Use this endpoint to remove documents that are no longer needed from your index.

Persist Index

To save (persist) the data of an index to disk, use the /persist/{index_name} API route. This endpoint accepts a POST request with the index name in the URL and an optional path query parameter specifying where to save the index data.

Request Example:

POST /persist/rag_index?path=./custom_path
  • index_name: The name of the index to persist.
  • path: (optional) The directory path where the index will be saved. If not provided, the default directory is used.

Response Example:

{
"message": "Successfully persisted index rag_index to ./custom_path/rag_index."
}

Use this endpoint to ensure your indexed data is safely stored on disk.


Load Index

To load an existing index from disk, use the /load/{index_name} API route. This endpoint accepts a POST request with the index name in the URL, an optional path query parameter specifying where to load the index from, and an optional overwrite flag.

Request Example:

POST /load/rag_index?path=./custom_path/rag_index
  • index_name: The name of the index to load.
  • path: (optional) The path to load the index from. If not provided, the default directory is used.
  • overwrite: (optional, default: false) If true, will overwrite the existing index if it already exists in memory.

Response Example:

{
"message": "Successfully loaded index rag_index from ./custom_path/rag_index."
}

Use this endpoint to restore previously persisted indexes into memory for querying and updates.

Delete Index

To delete an entire index and all of its documents, use the /indexes/{index_name} API route. This endpoint accepts a DELETE request with the index name in the URL. Deleting an index is irreversible and will remove all associated documents from memory.

Request Example:

DELETE /indexes/rag_index
  • index_name: The name of the index to delete.

Response Example:

{
"message": "Successfully deleted index rag_index."
}

Use this endpoint to permanently remove an index and all its data when it is no longer needed.

Query Index

To query a specific index for relevant documents, use the /query API route.
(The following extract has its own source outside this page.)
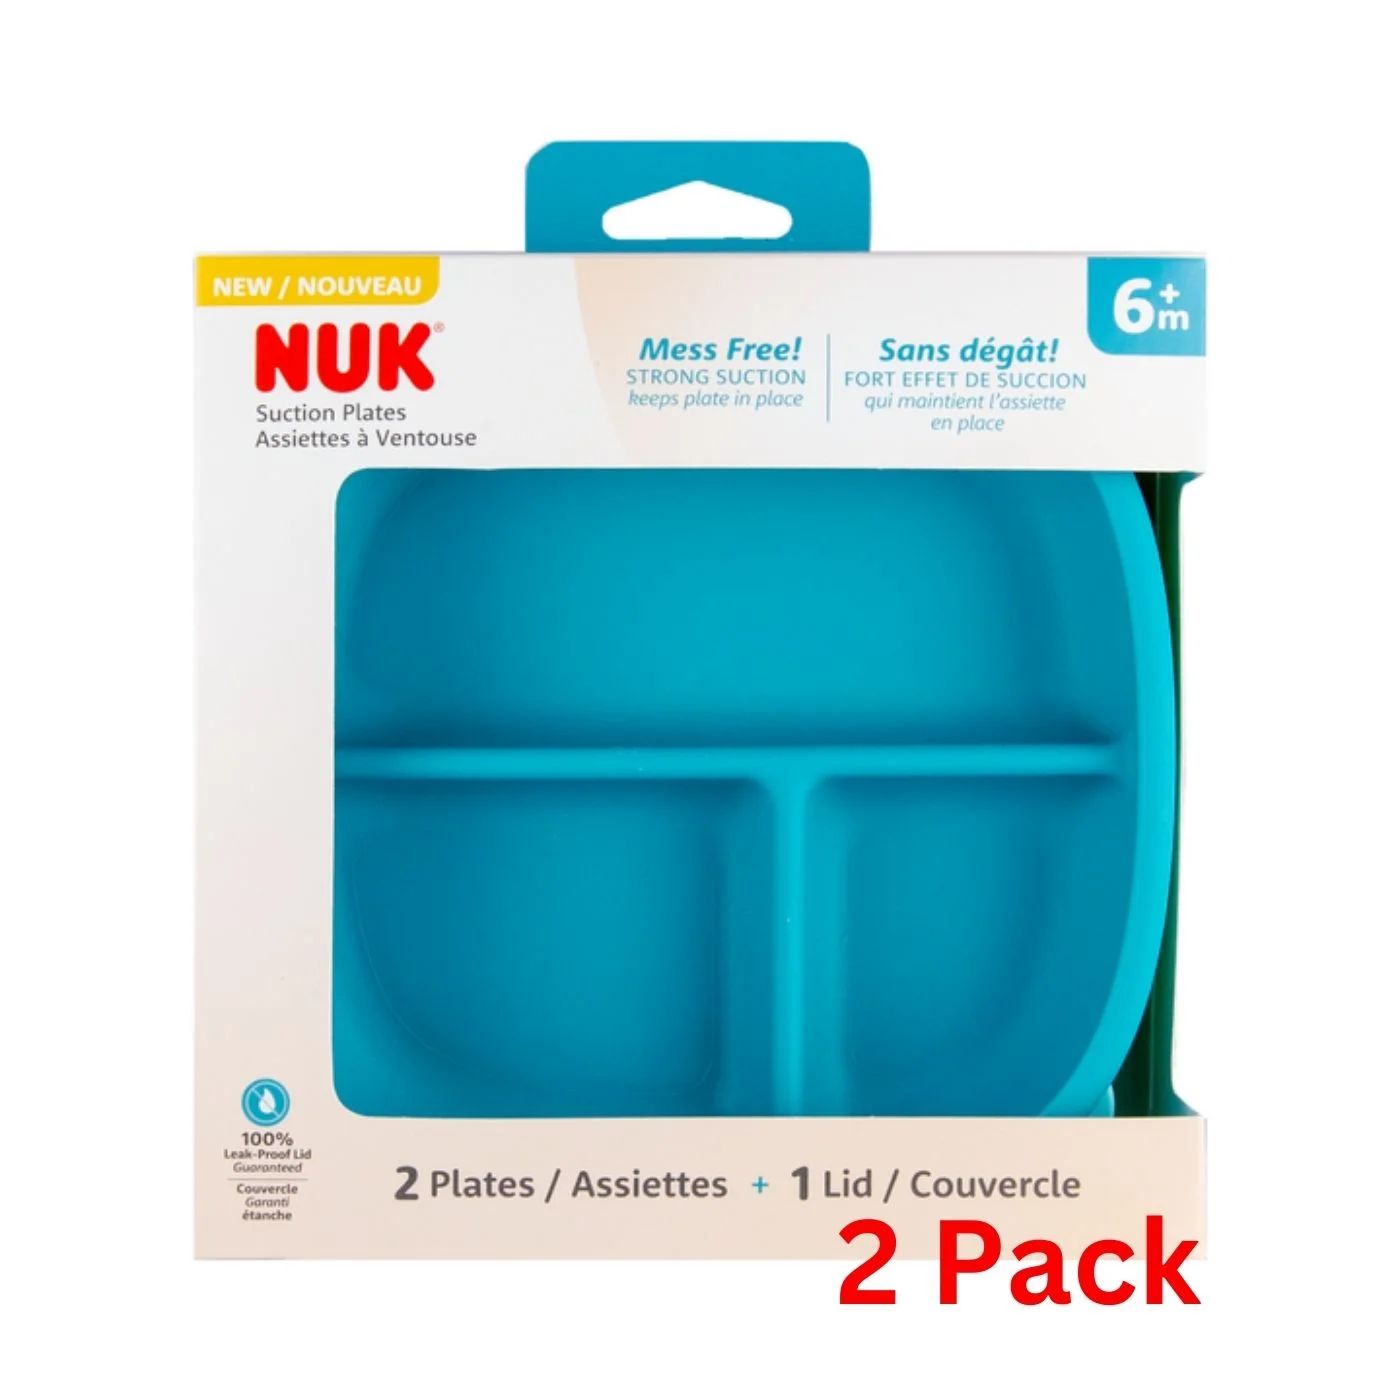 NUK Suction Plates and Lid, Assorted Colors, 2 Pack, 6+ Months | Walmart (US)

This endpoint accepts a POST request with the index name, query string, and optional parameters for result count, and LLM generation.

Request Example:

POST /query
{
"index_name": "rag_index",
"query": "What is RAG?",
"top_k": 5,
"llm_params": {
"temperature": 0.7,
"max_tokens": 2048
}
}
  • index_name: The name of the index to query.
  • query: The query string.
  • top_k: (optional) Number of top documents to retrieve (default: 5).
  • llm_params: (optional) Parameters for LLM-based generation (e.g., temperature, max_tokens).

Response Example:

{
"response": "Retrieval Augmented Generation (RAG) is an architecture that augments the capabilities of a Large Language Model...",
"source_nodes": [
{
"doc_id": "123456",
"node_id": "2853a565-8c1f-4982-acaa-a0ab52691435",
"text": "Retrieval Augmented Generation (RAG) is an architecture that augments the capabilities of a Large Language Model...",
"score": 0.95,
"metadata": {
"author": "Microsoft",
"source": "https://learn.microsoft.com/en-us/azure/search/retrieval-augmented-generation-overview?tabs=docs"
},
}
],
"metadata": {
"2853a565-8c1f-4982-acaa-a0ab52691435": {
"author": "Microsoft",
"source": "https://learn.microsoft.com/en-us/azure/search/retrieval-augmented-generation-overview?tabs=docs"
}
}
}
  • response: The generated answer or summary from the LLM (if enabled).
  • source_nodes: List of source nodes with their text, score, and metadata.
  • metadata: Additional metadata about the query or response.

Use this endpoint to retrieve relevant information from your indexed documents and optionally generate answers using an LLM.

Example Client

You can leverage the example_rag_client.py as a starting point for a rag client with inputs that match the route documentation above.